DONE3003 Psycho-Social Influences on Child Development

10 creditsClass Size: 32

Module manager: Alison Rodriguez
Email: A.M.Rodriguez@leeds.ac.uk

Taught: Semester 2 (Jan to Jun) View Timetable

Year running 2020/21

Pre-requisite qualifications

Previous level 2 study in an appropriately related subject area.

This module is approved as a discovery module

Module summary

This module critically explores interactions between children's social environment and their psychological development. Attachment theory, family dynamics, attitudes towards childhood including gender roles and the influence of class and culture are also considered in terms of the impact of normalization and the increased medicalization of children's health, well being and behaviour. Assessment: Written Assignment

Objectives

The aim of this module is to enable students to critically assess the extent to which knowledge of current psychological and sociological theories of child development can help enhance professional practice within health and social care. Objectives to achieve this include introducing a number of current psychosocial concepts and theories and offering students the opportunity to apply these to issues within their area of practice.

Learning outcomes
On successful completion of the module students will be able to:
- Evaluate factors relating to the social context in which child development takes place, including issues of culture, class and gender
- Critically assess various family structures and dynamics in relation to their positive and negative effects on child development
- Critically asses the usefulness of current psychological and sociological thinking to specialist practice

Skills outcomes
Specific skills include developing critical analytical skills specifically in relation to current theories and practice within childcare and the impact this has on both the child and their later adulthood. This module was designed particularly for students following professional qualifications within health and social care.
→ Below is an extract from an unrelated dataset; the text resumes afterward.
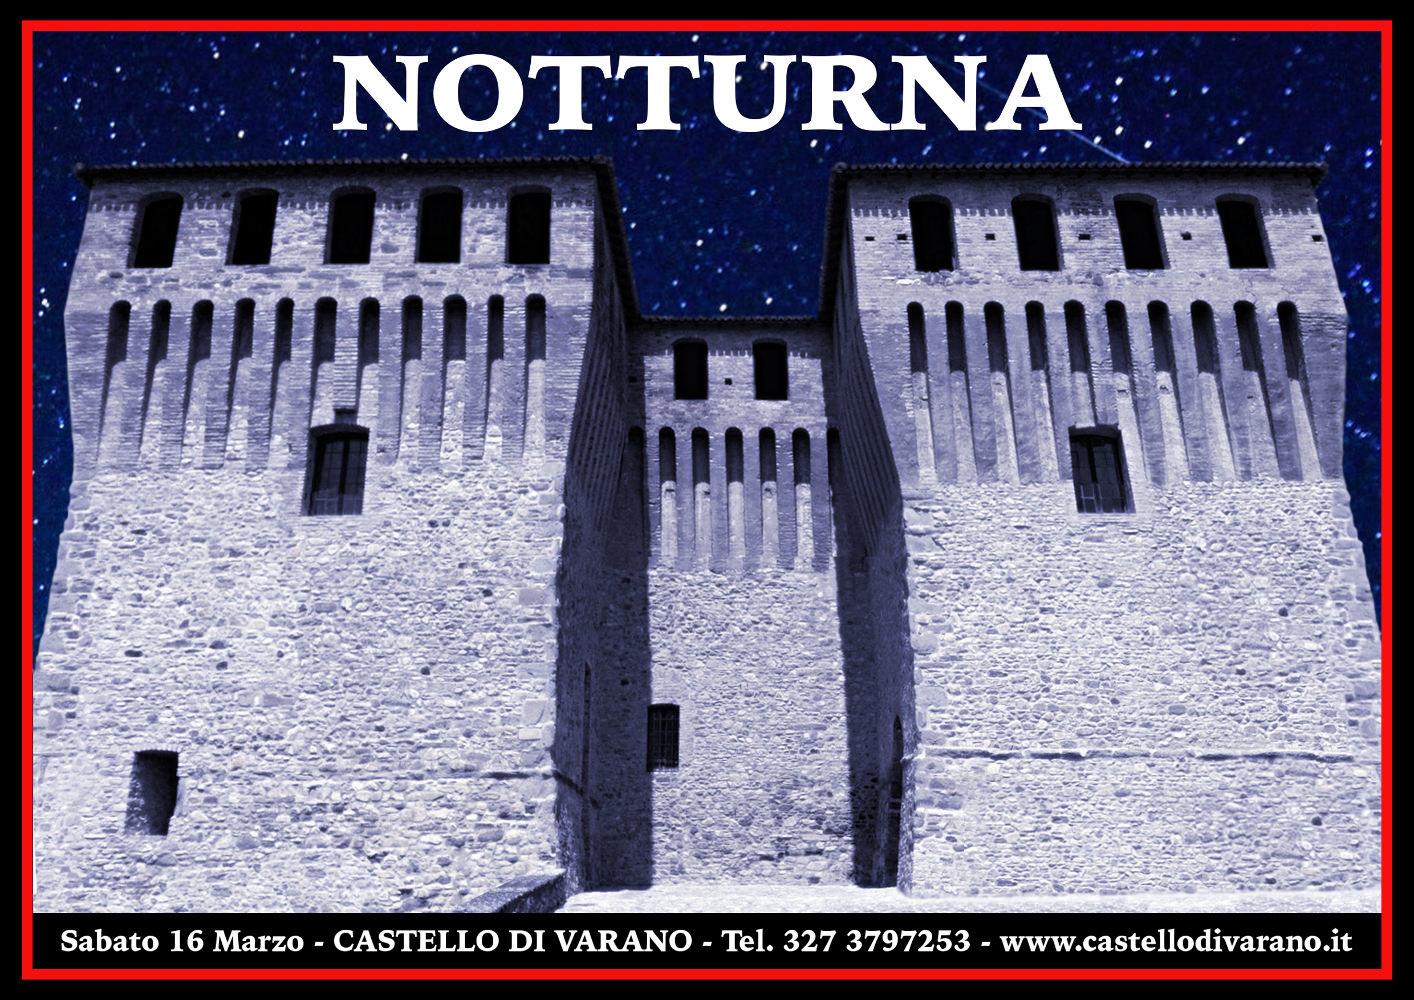 CASTELLO IN NOTTURNA, visita guidata al Castello Pallavicino

Whilst it is particularly relevant for those who will be working directly with children it is also of use for those working with adults with mental health problems and those with chronic health conditions.


Syllabus

An integrated approach is adopted to enable students to critically explore child/family relationships and the social context of child development including:
- The usefulness of adopting an ecological approach in understanding psychosocial influences on children's health and well being
- Attachment theories in relation to children's health and well being
- Theories of functional/dysfunctional family dynamics including child/parent, child/sibling and parent/parent relationships
- Historical context of current child development theories and social construction of childhood
- "Health" as a social institution and the impact of "medicalization" on children and their families
- Relationship between labelling theory and moral panics and their impact on child health and well being
- Psychosocial explanations of specific childhood disorders on children and their families.

Teaching methods

Due to COVID-19, teaching and assessment activities are being kept under review - see module enrolment pages for information

Delivery typeNumberLength hoursStudent hours
Lecture101.0010.00
Seminar101.0010.00
Tutorial22.505.00
Private study hours75.00
Total Contact hours25.00
Total hours (100hr per 10 credits)100.00

Private study

- Reading specified articles as well as other published material and preparing notes on these to contribute to group discussions in class
- Researching specific childhood conditions, disorders and social influences in preparation for individual feedback in the form of short informal presentations within class work.
- Researching particular topic chosen for summative assessment and the appropriate psychological and sociological literature to assess its impact on child hood and / or later adulthood.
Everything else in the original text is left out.